Probability notes from MIT 6.041
Week1: Probability models and Axioms
Sample Space: \(\Omega\)
- List (Set) of possible outcomes
- Mutually exclusive
- Collectively exhaustive (At least one of the events must occur)
- To be at the “right graularity”
Axioms:
- Nonnegativity: \(P(A) \geq 0\)
- Normalization: \(P(\Omega) = 1\)
- Additivity: if \(A \cap B = \emptyset \), then \(P(A\cup B) = P(A) + P(B) \)
Week2: Conditioning and Beyes’ rule
Beye’s Rule is a foundation of a lot of inference based on partial observation
\(P(A|B)=\) Probability of A, given that B occurred
-
B is our new universe Definition: Assuming \(P(B) \not = 0\) \[P(A|B) = \frac{P(A\cap B)}{P(B)}\] \[P(A \cap B) = P(B) * P(A | B) \]
-
Conditional probablity still obey Axioms, e.g. \(A \cap B = \emptyset\) \(P(A \cup B | C) = P(A|C) + P(B|C)\)
Week3: Independence
-
Multiplication rule: \(P(A \cap B) = P(B) * P(A|B) = P(A) * P(B|A)\)
-
Total probability theorem: \(P(B) = P(A)*P(B|A) + P(A^c)*P(B|A^c)\)
-
Beyes rule: \[P(A_i|B) = \frac{P(A_i)P(B|A_i)}{P(B)}\]
“Defn:” \(P(B|A) = P(B)\)
- Occurrence of A provides no info about B’s occurrence.
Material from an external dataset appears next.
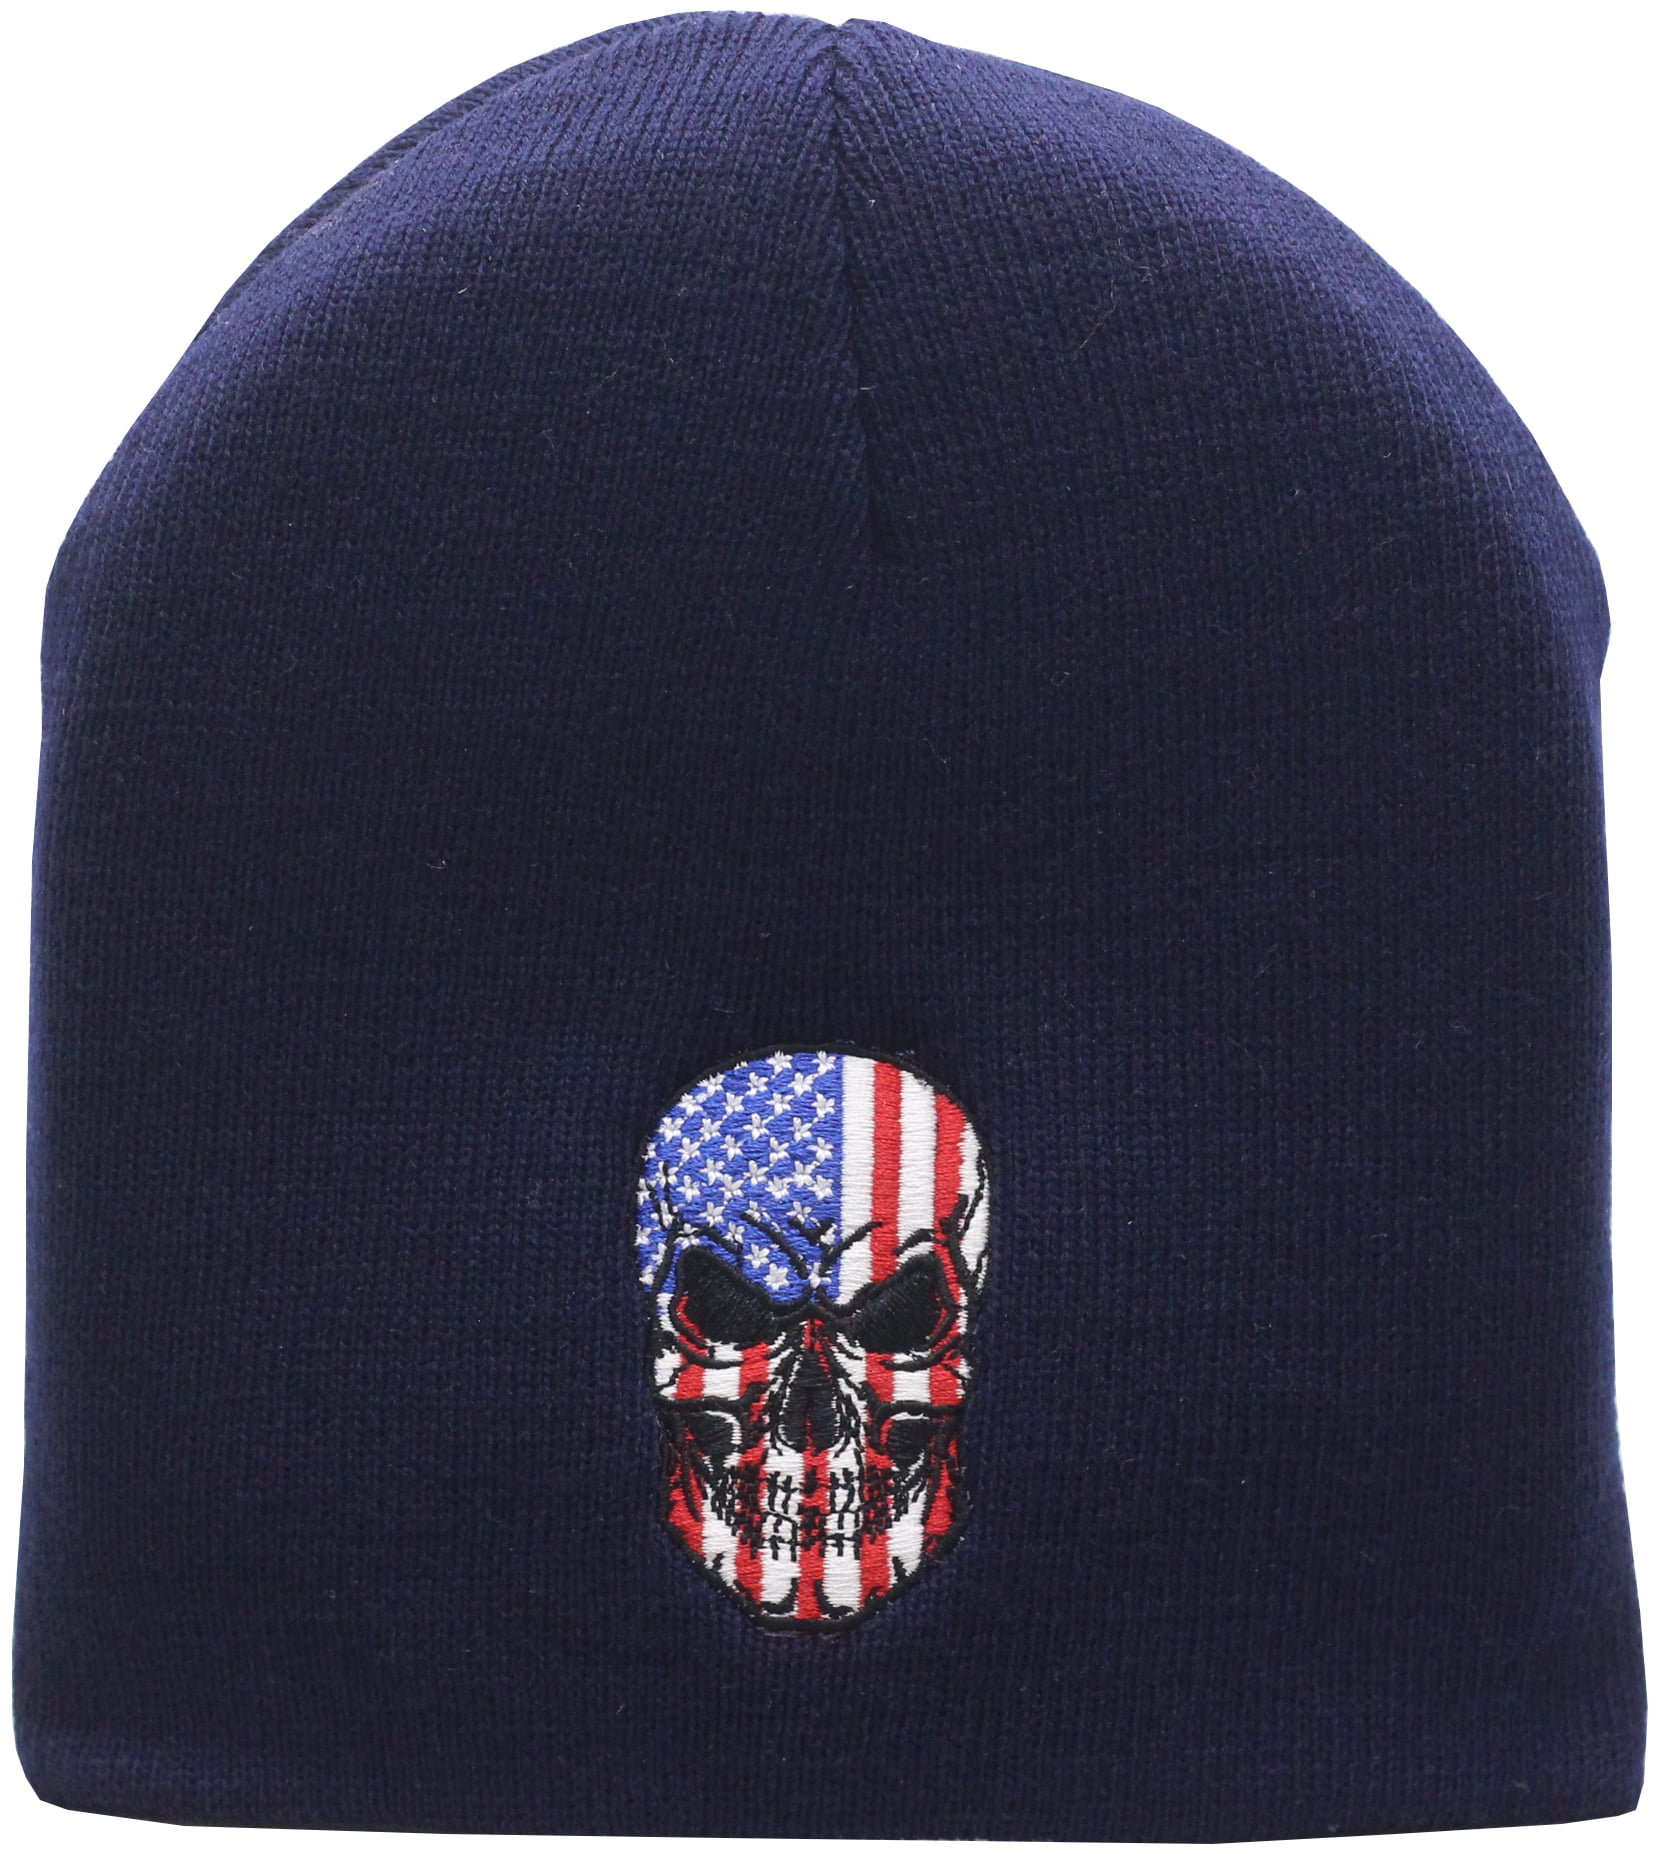 South Carolina State Flag Logo Slouchy Knit Skull Hat for Women Men Soft Warm Skull Cap 
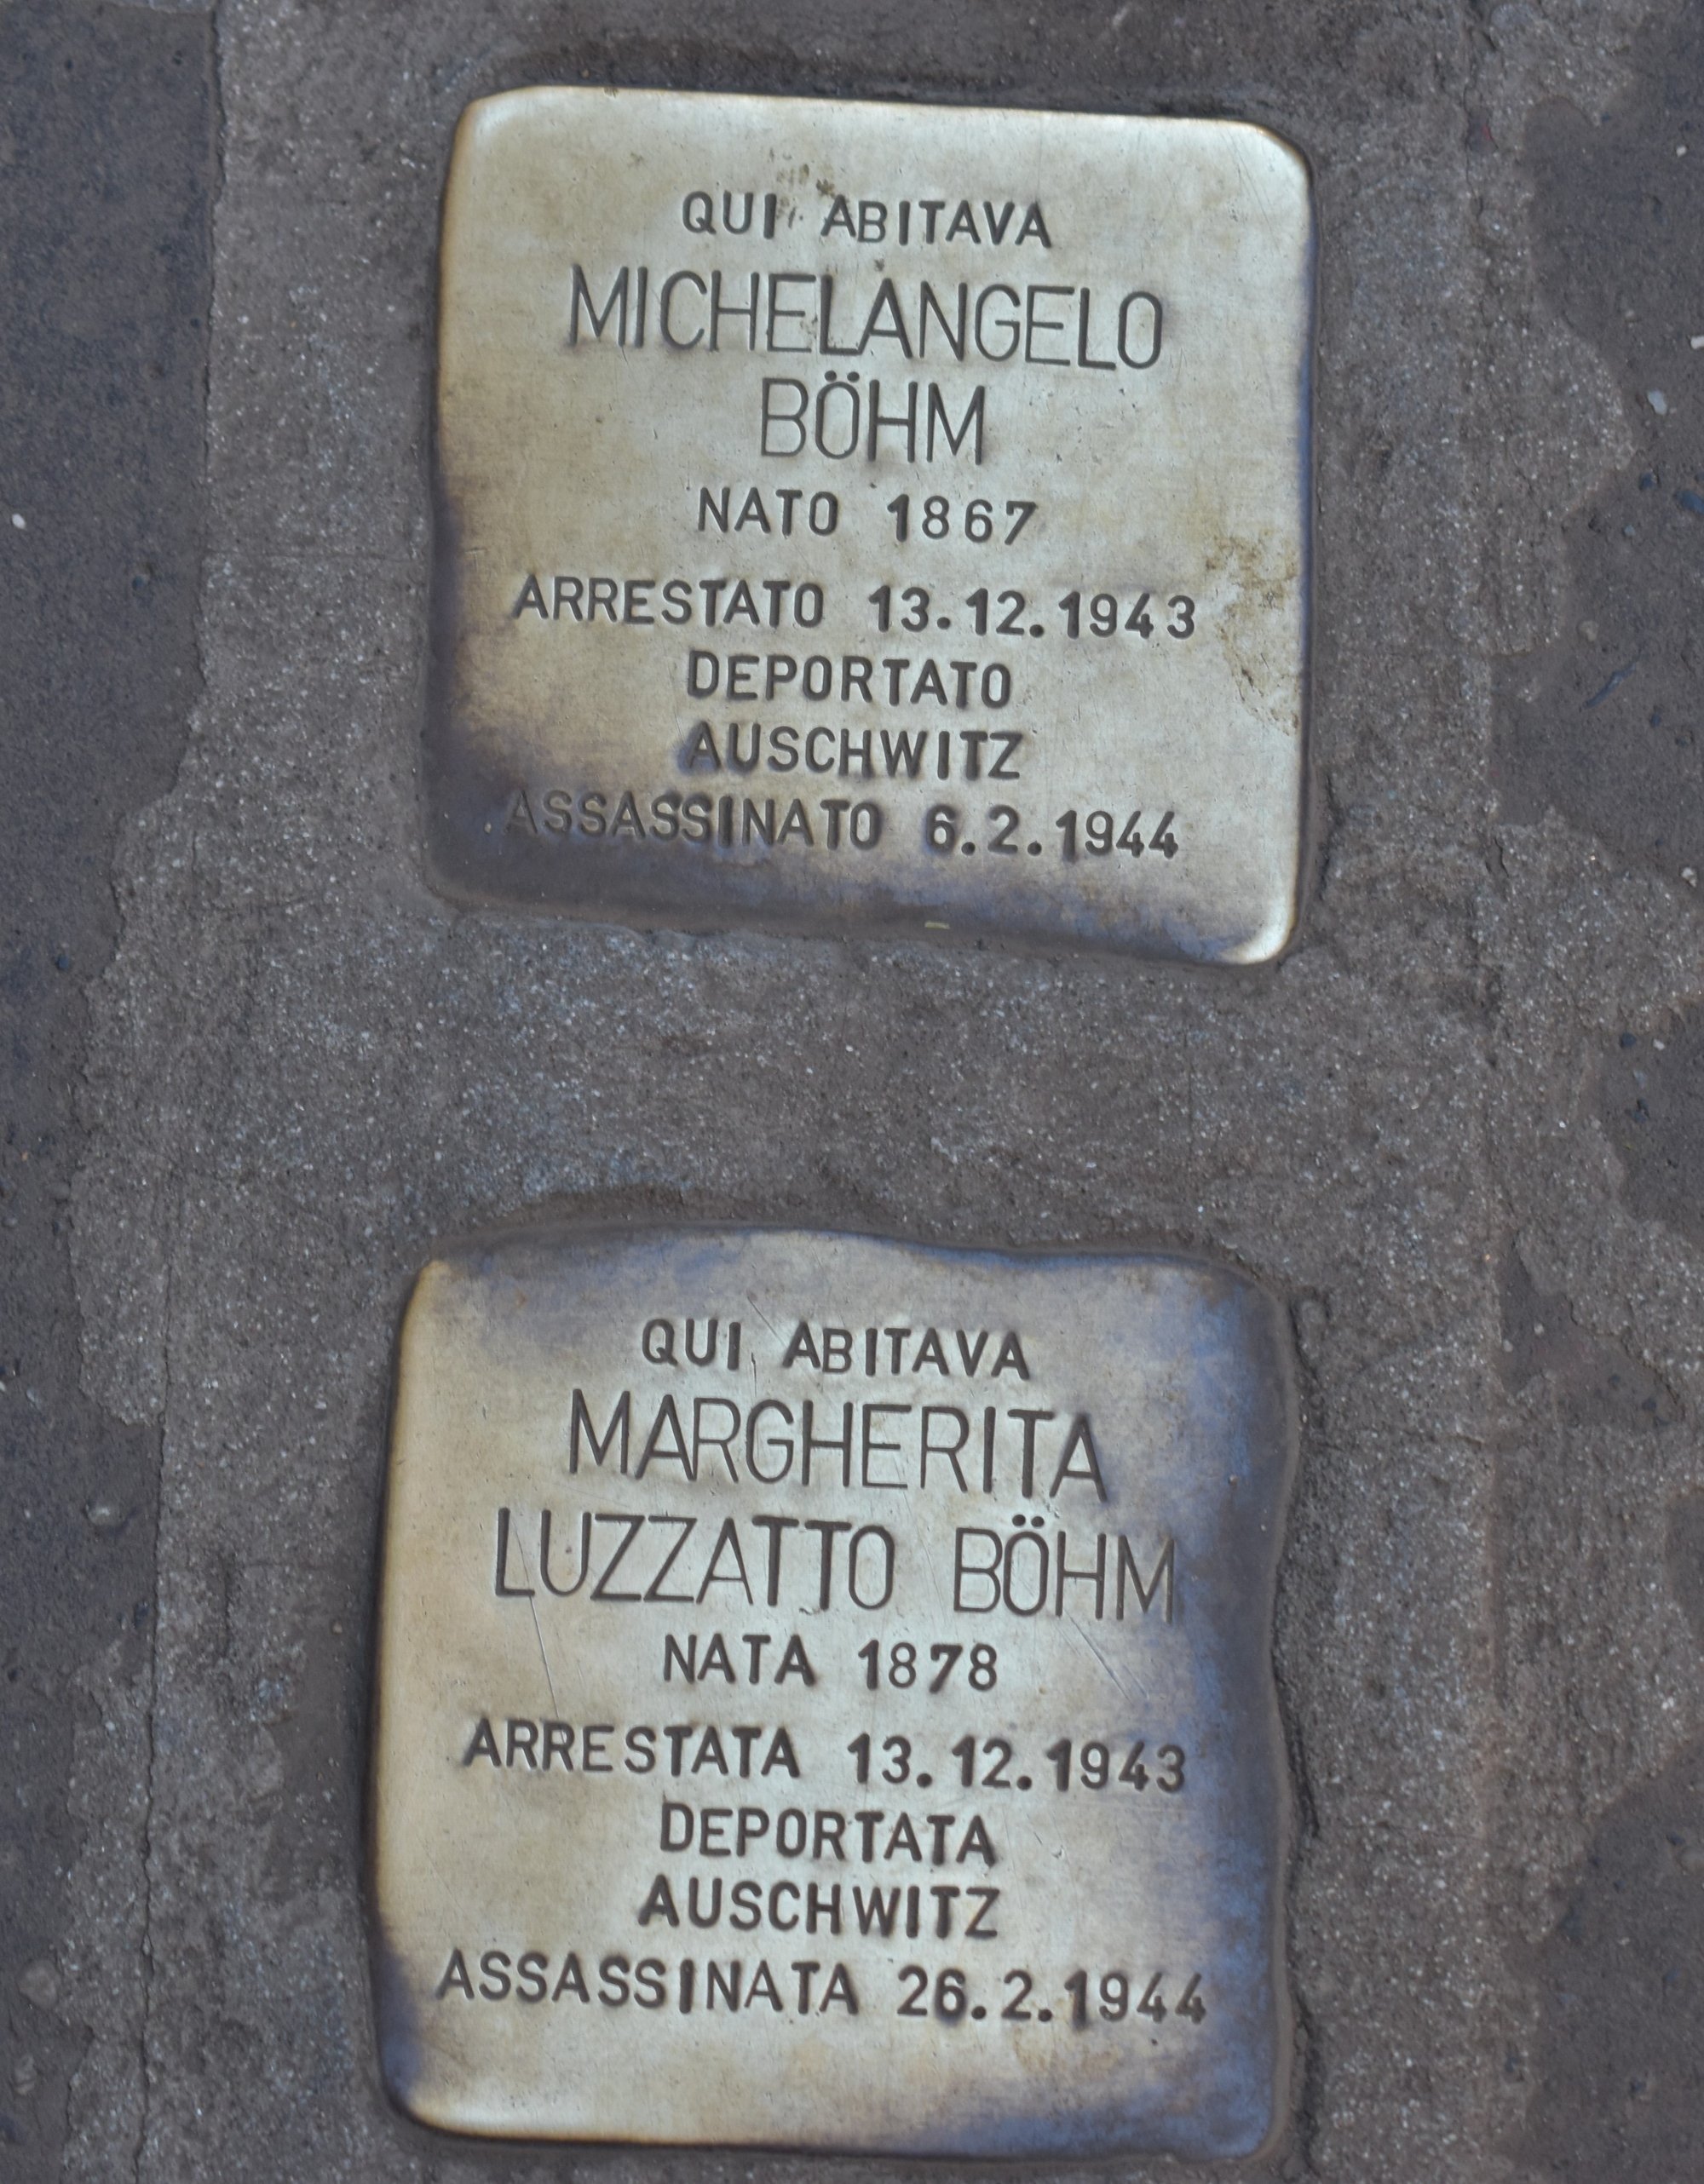 1& 2.Michelangelo Boehm and Margherita Luzzato Boehm, Via De Amicis 45

Will A’s occurrence change your belief of B’s occurrence?
- Defn: \(P(A \cap B) = P(A) * P(B)\) in addition to \(P(A \cap B)\) = \(P(B)\) * \(P(A | B)\)
- Symmetric with respect to A and B
- applies even if \(P(A) = 0\)
- implies \( P(A | B) = P(A) \)
Def of conditional independence: \(P((A \cap B) | C) = P(A|C) * P(B|C)\)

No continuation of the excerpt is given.